2. List all the network namespaces using the ip command:
# ip netns list qdhcp-9cb32fe0-d7fb-432c-b116-f483c6497b08 qrouter-31680a1c-9b3e-4906-bd69-cb39ed5faa01 qrouter-62ed467e-abae-4ab4-87f4-13a9937fbd6b qdhcp-a0cc8cdd-575f-4788-a3e3-5df8c6d0dd81 qrouter-e9281608-52a6-4576-86a6-92955df46f56
In the result there is a namespace that matches the web-server network id. In this example it’s presented as qdhcp-9cb32fe0-d7fb-432c-b116-f483c6497b08.
3. Examine the configuration of the web-servers network by running commands within the namespace. This is done by prefixing the troubleshooting commands with ip netns exec (namespace). For example:
a) View the routing table of the web-servers network:
# ip netns exec qrouter-62ed467e-abae-4ab4-87f4-13a9937fbd6b route -n Kernel IP routing table Destination Gateway Genmask Flags Metric Ref Use Iface 0.0.0.0 172.24.4.225 0.0.0.0 UG 0 0 0 qg-8d128f89-87 172.24.4.224 0.0.0.0 255.255.255.240 U 0 0 0 qg-8d128f89-87 192.168.200.0 0.0.0.0 255.255.255.0 U 0 0 0 qr-8efd6357-96
b) View the routing table of the web-servers network:
# ip netns exec qrouter-62ed467e-abae-4ab4-87f4-13a9937fbd6b route -n Kernel IP routing table Destination Gateway Genmask Flags Metric Ref Use Iface 0.0.0.0 172.24.4.225 0.0.0.0 UG 0 0 0 qg-8d128f89-87 172.24.4.224 0.0.0.0 255.255.255.240 U 0 0 0 qg-8d128f89-87 192.168.200.0 0.0.0.0 255.255.255.0 U 0 0 0 qr-8efd6357-96
8.4.1. Perform advanced ICMP testing within the namespace
1. Capture ICMP traffic using the tcpdump command.
# ip netns exec qrouter-62ed467e-abae-4ab4-87f4-13a9937fbd6b tcpdump -qnntpi any icmp
There may not be any output until you perform the next step:
2. In a separate command line window, perform a ping test to an external network:
# ip netns exec qrouter-62ed467e-abae-4ab4-87f4-13a9937fbd6b ping www.redhat.com
3. In the terminal running the tcpdump session, you will observe detailed results of the ping test.

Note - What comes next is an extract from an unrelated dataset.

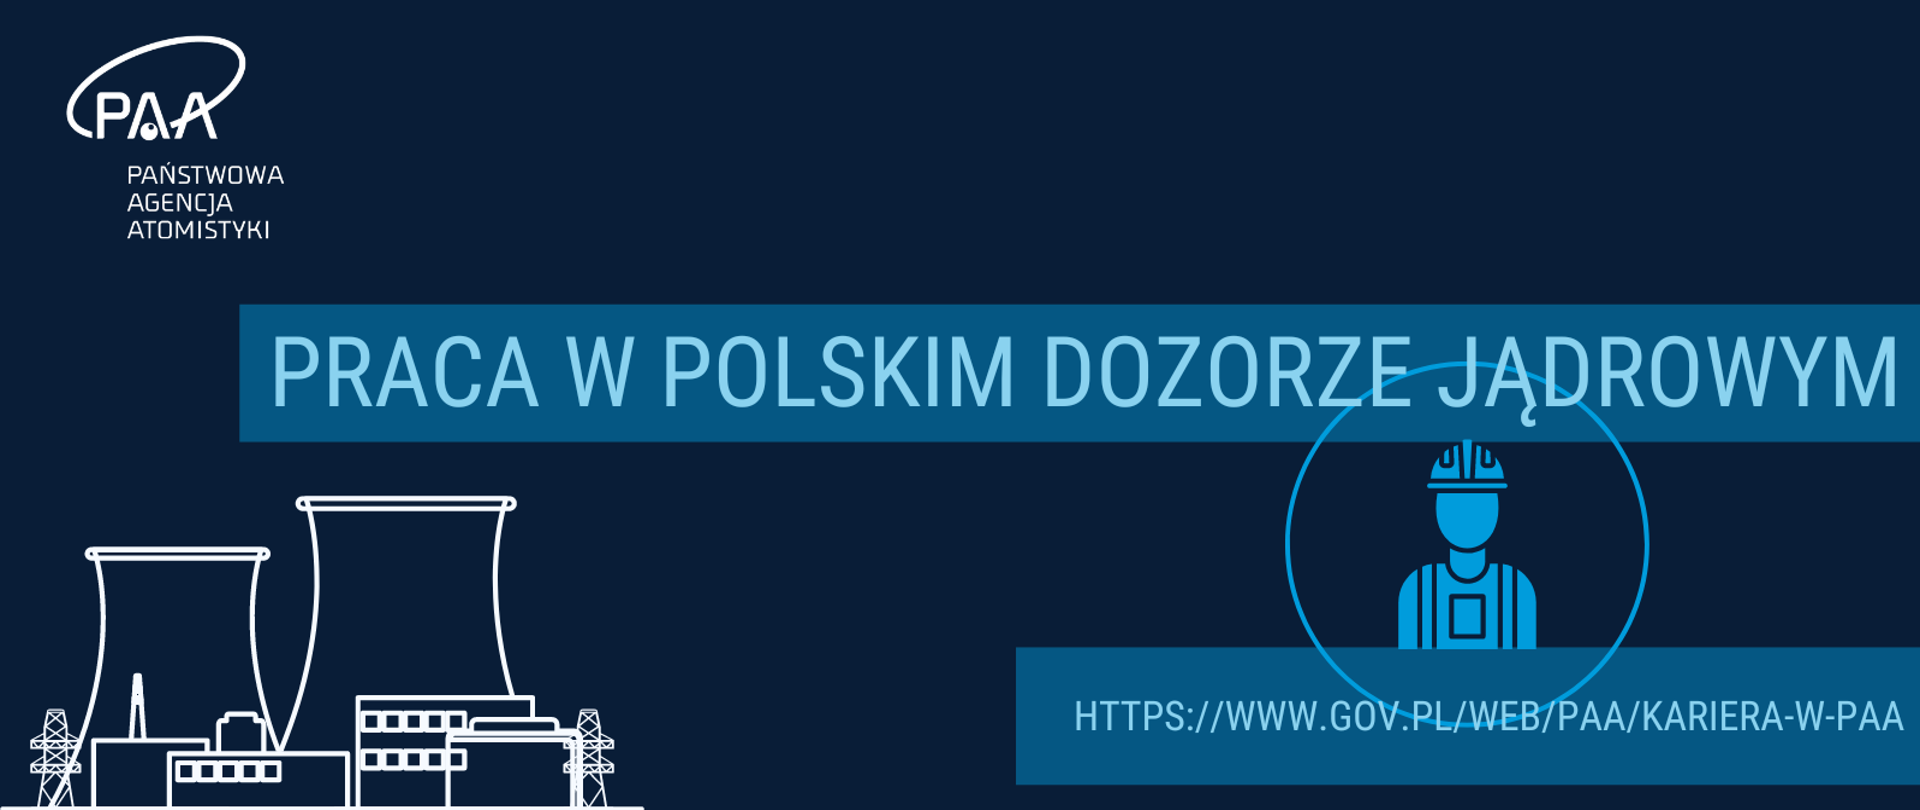 Grafika - na granatowym tle biała elektrownia jądrowa i logo PAA. Obok napis: "Praca w polskim dozorze jądrowym", ikona inspektora i adres strony: www.gov.pl/web/PAA/kariera-w-PAA

tcpdump: listening on any, link-type LINUX_SLL (Linux cooked), capture size 65535 bytes IP (tos 0xc0, ttl 64, id 55447, offset 0, flags [none], proto ICMP (1), length 88) 172.24.4.228 > 172.24.4.228: ICMP host 192.168.200.20 unreachable, length 68 IP (tos 0x0, ttl 64, id 22976, offset 0, flags [DF], proto UDP (17), length 60) 172.24.4.228.40278 > 192.168.200.21: [bad udp cksum 0xfa7b -> 0xe235!] UDP, length 32
When performing a tcpdump analysis of traffic, you might observe the responding packets heading to the router interface rather than the instance. This is expected behaviour, as the qrouter performs DNAT on the return packets.